▶ [Problem to work on] Please restate the data below word for word, omitting all images.

▶ [Data block]
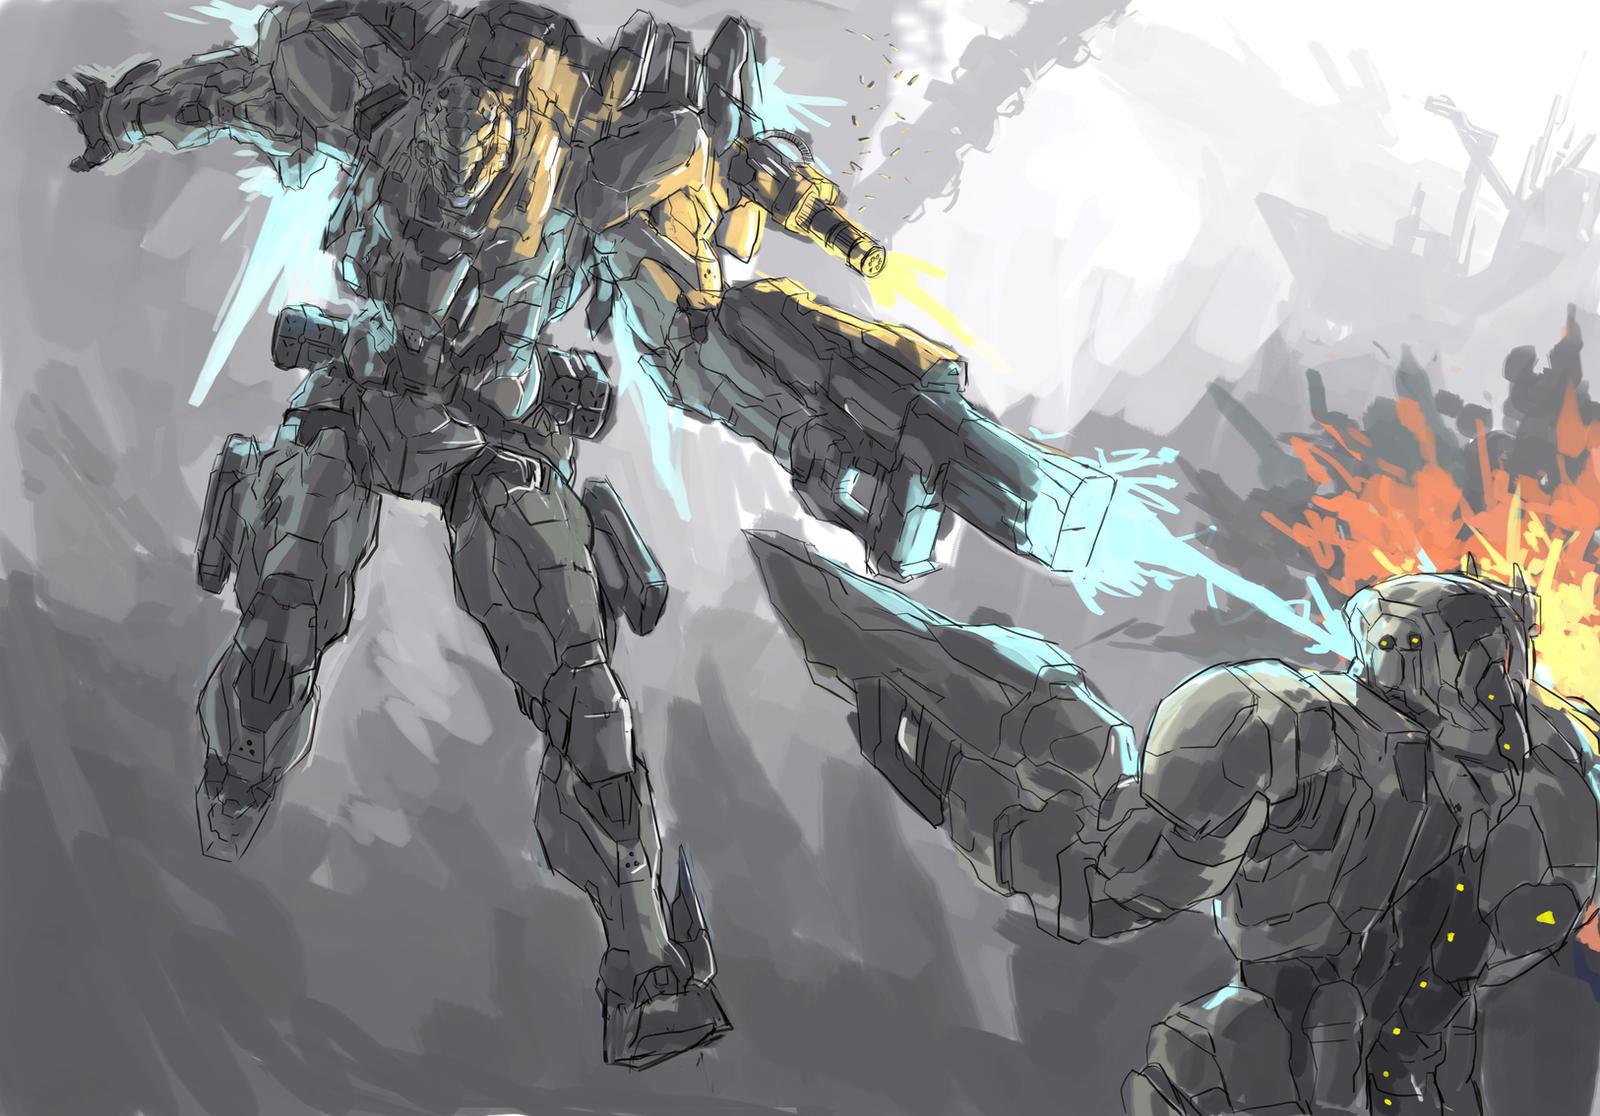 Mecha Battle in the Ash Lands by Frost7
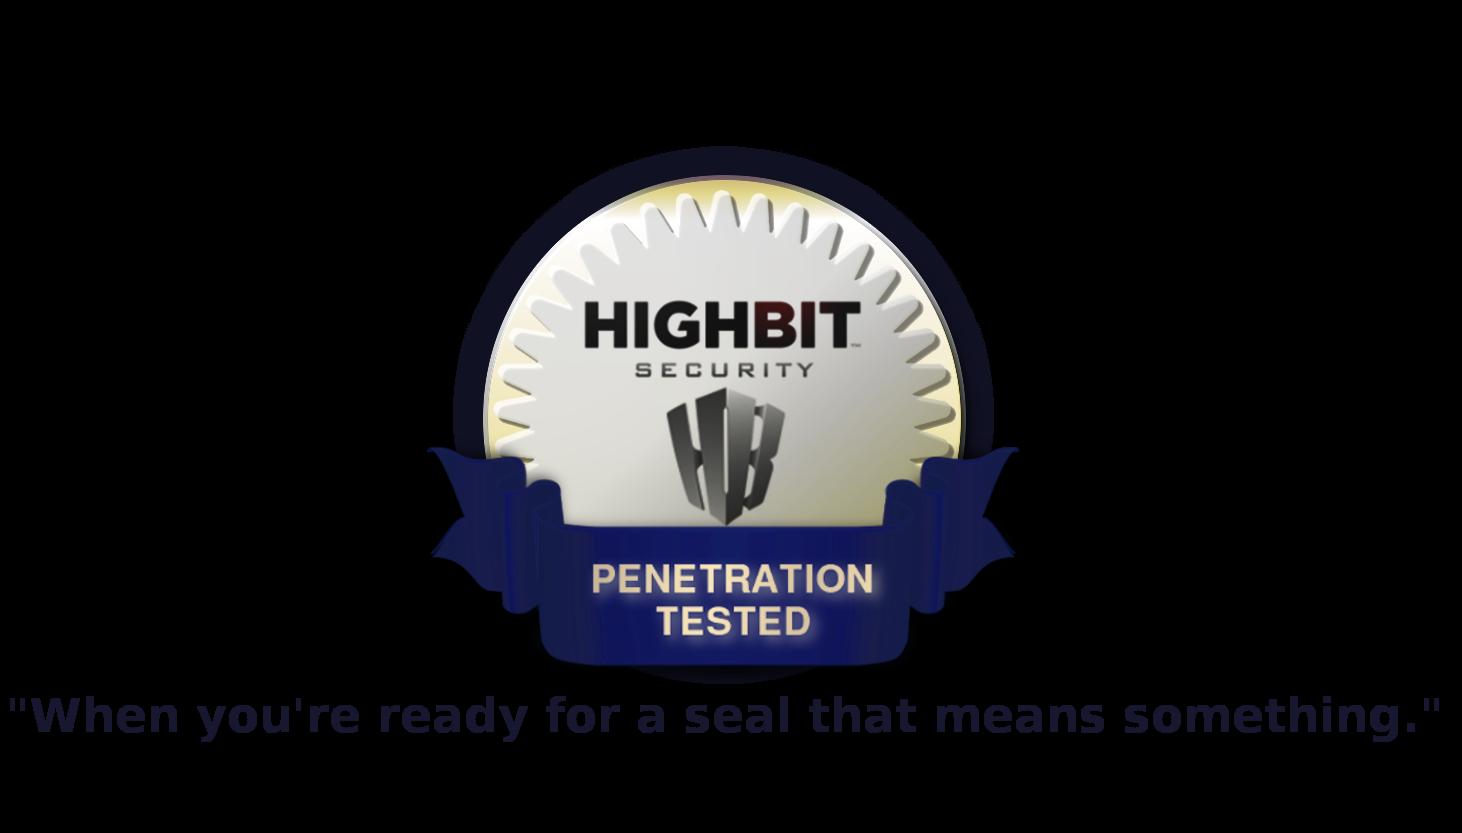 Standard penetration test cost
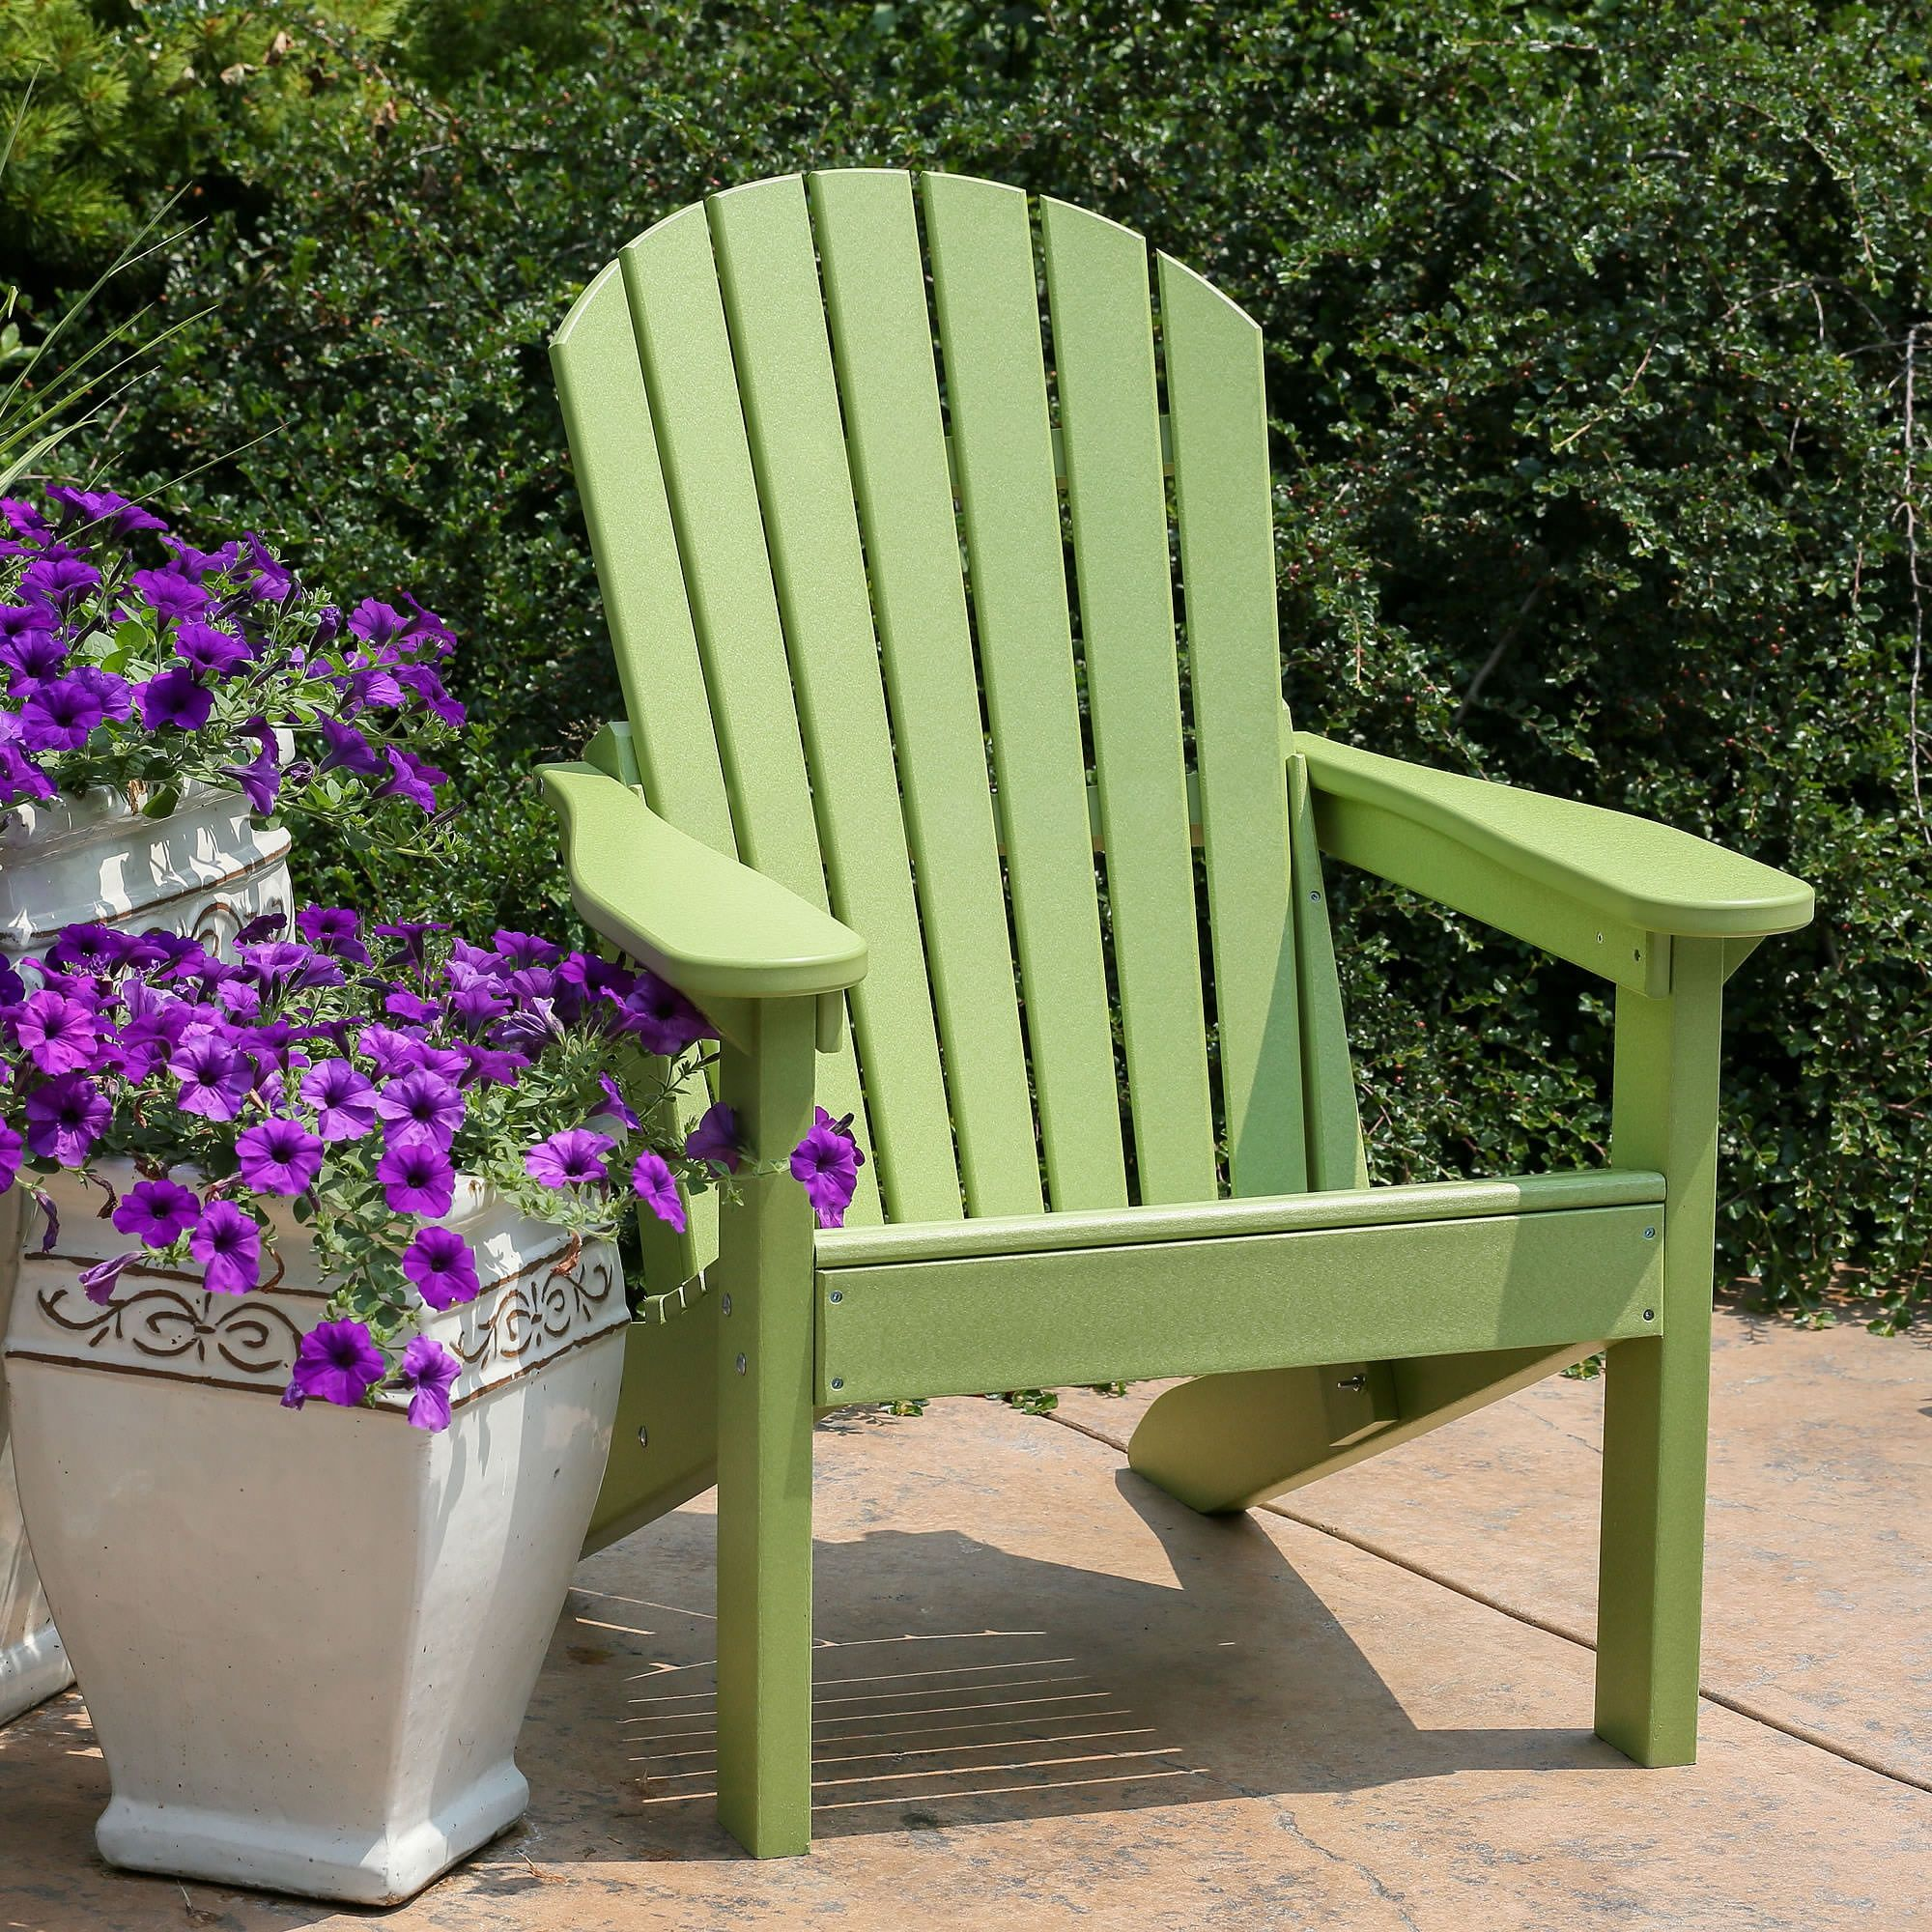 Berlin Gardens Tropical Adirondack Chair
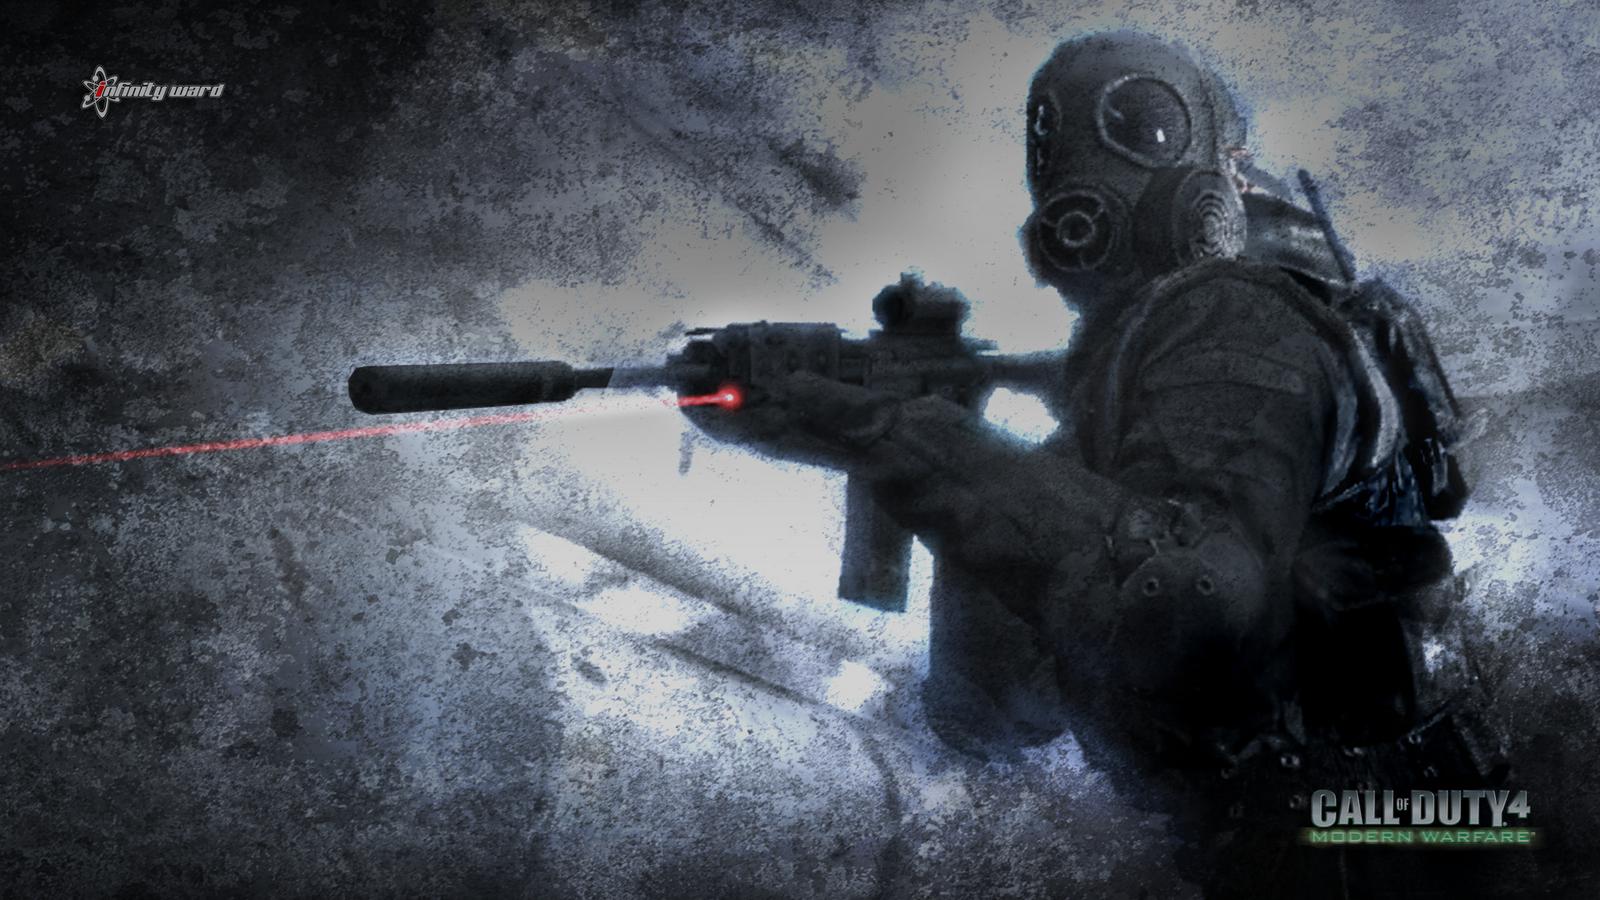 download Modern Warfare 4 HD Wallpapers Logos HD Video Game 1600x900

▶ [Response to the exercise]
 Mecha Battle in the Ash Lands by Frost7
 Standard penetration test cost
 Berlin Gardens Tropical Adirondack Chair
 download Modern Warfare 4 HD Wallpapers Logos HD Video Game 1600x900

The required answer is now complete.